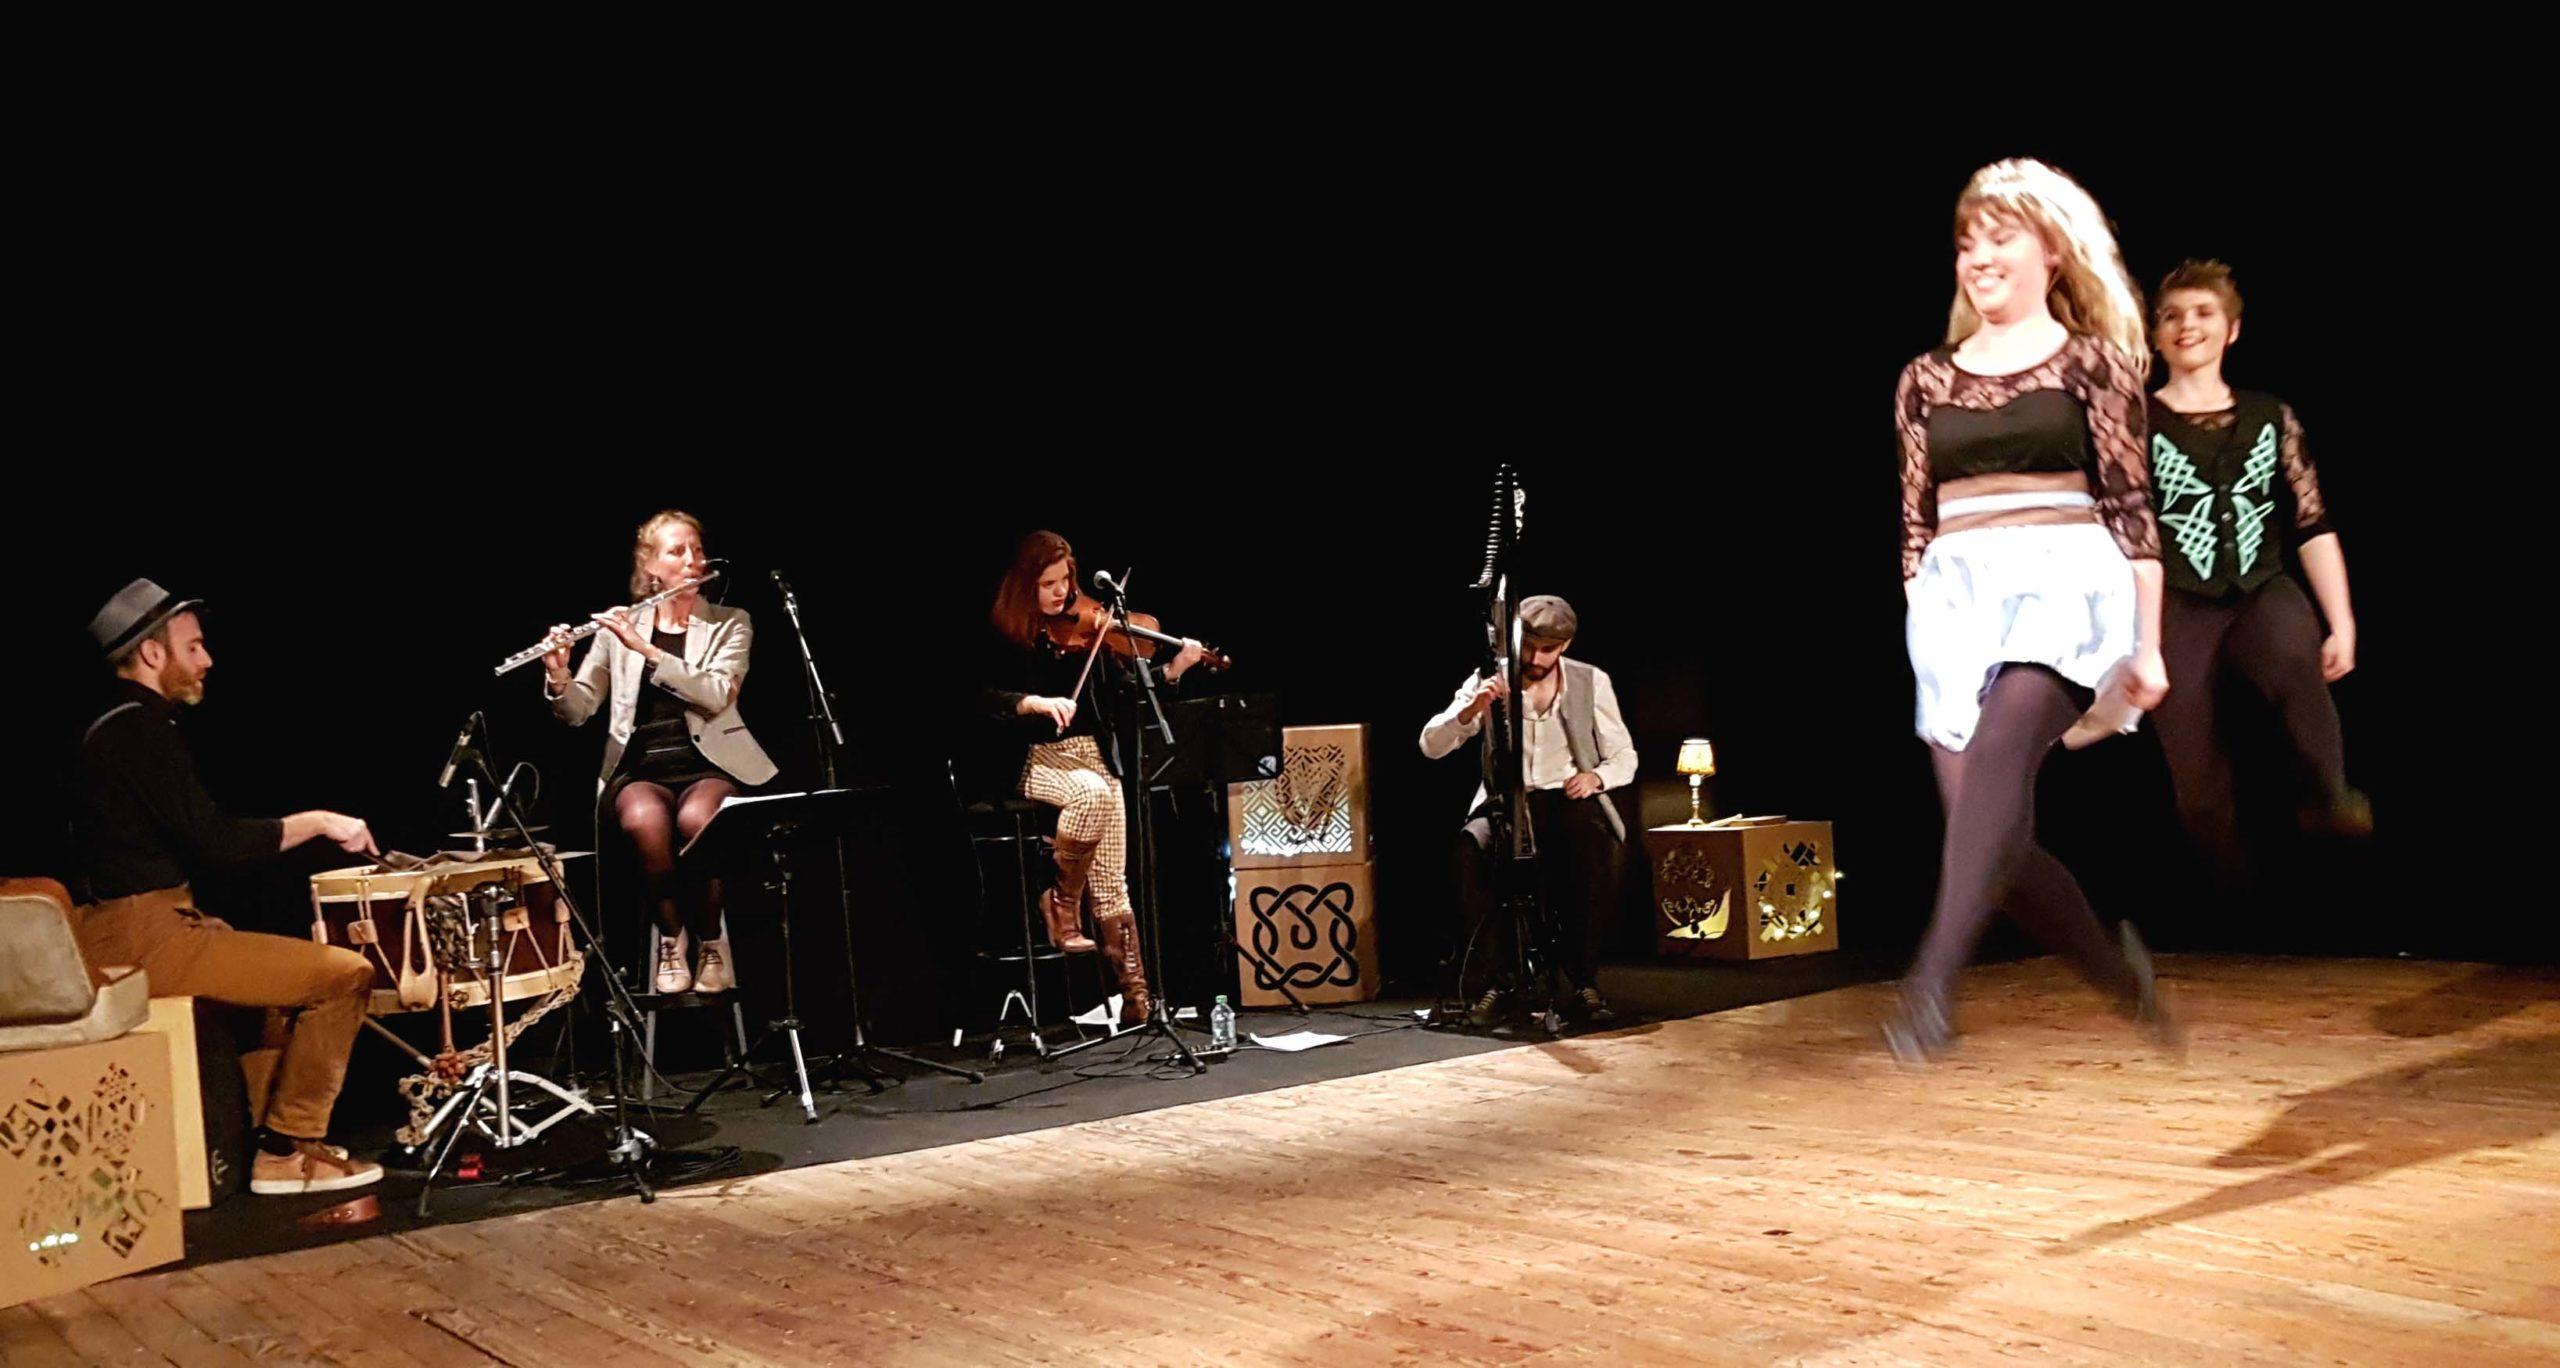 Danse irlandaise Spectacle What's the Craic? Ghillie's groupe de musique Irish and Folk music. Crédit: la charpente Fred
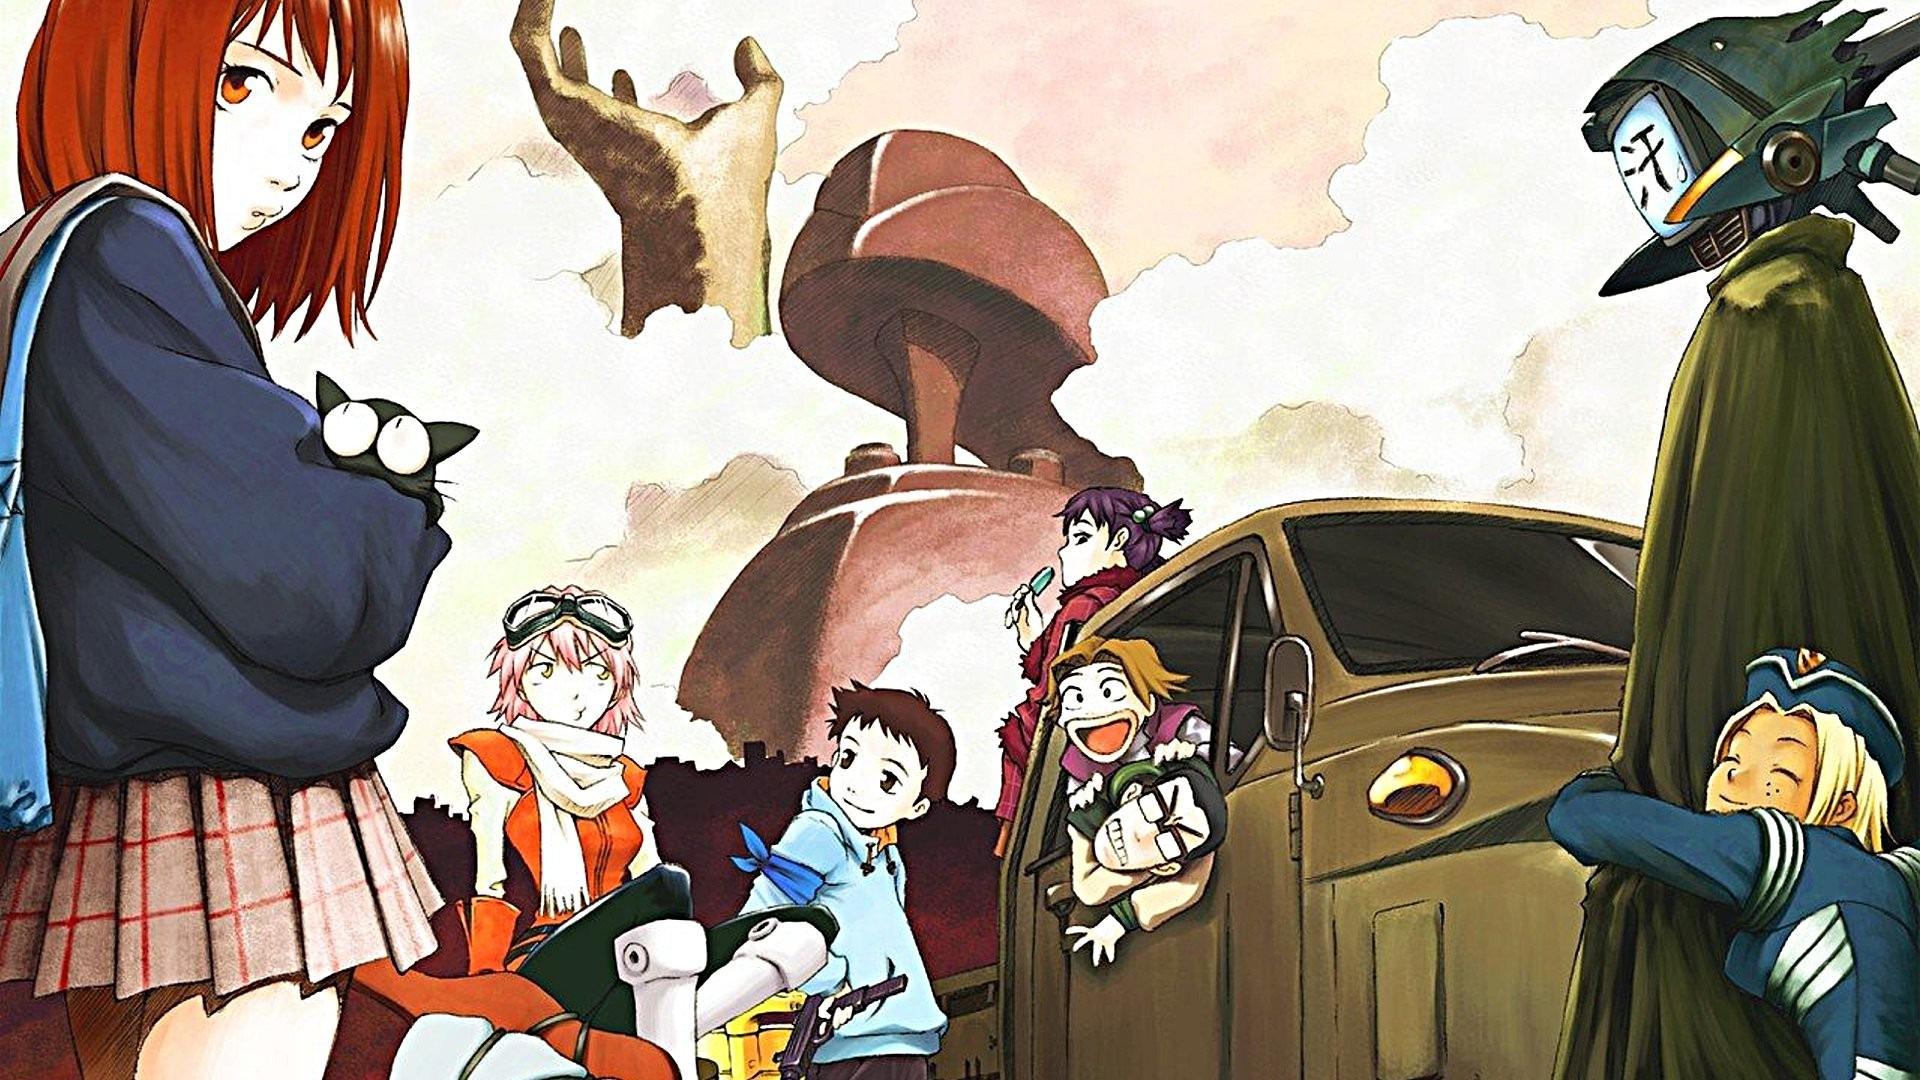 Anime FLCL
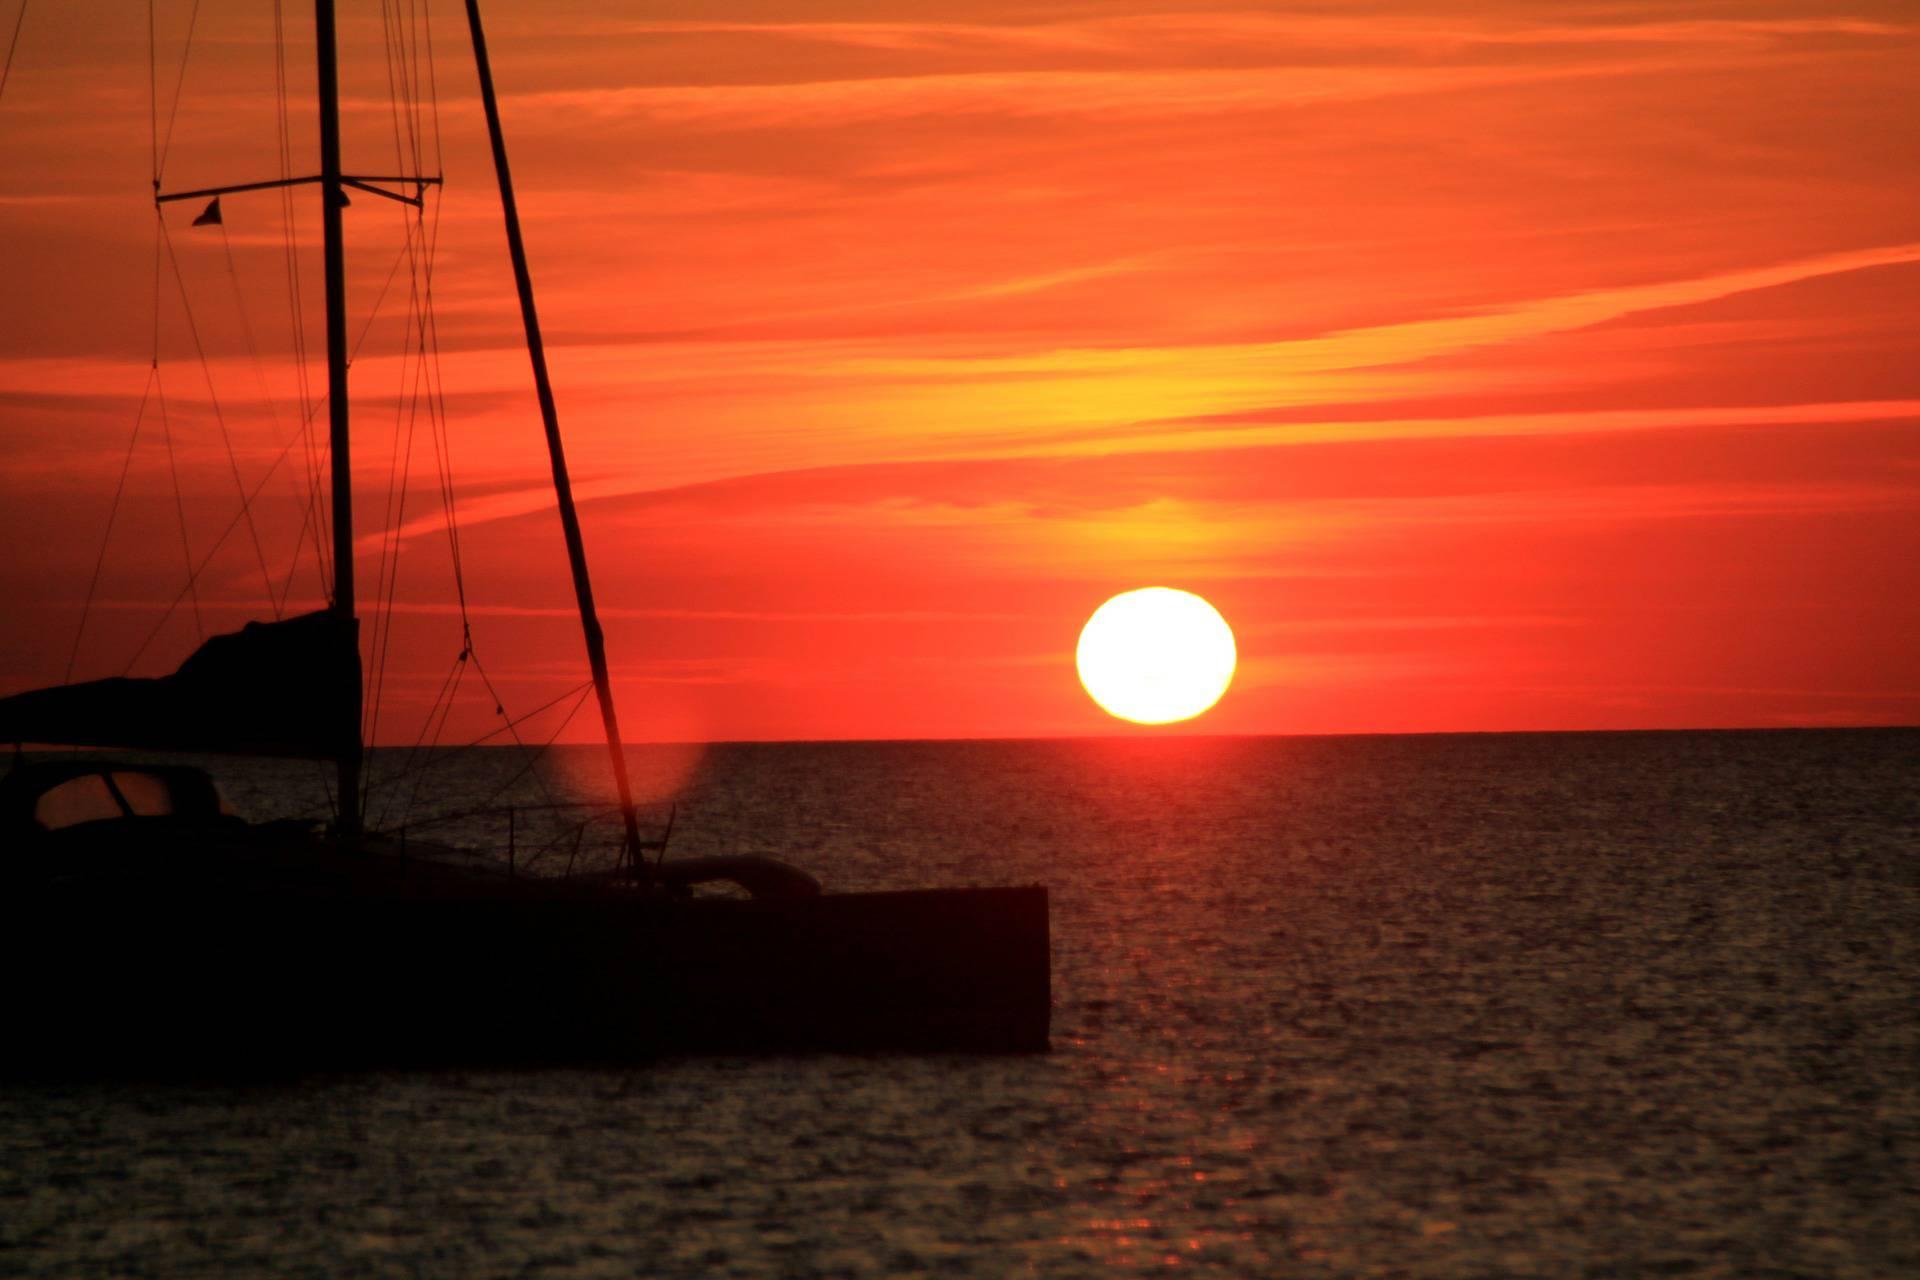 coucher de soleil voilier mer

• • • • • • •

— Work required —
Would you return the data above exactly as written, minus the images?

— Written solution —
 Danse irlandaise Spectacle What's the Craic? Ghillie's groupe de musique Irish and Folk music. Crédit: la charpente Fred
 Anime FLCL
 coucher de soleil voilier mer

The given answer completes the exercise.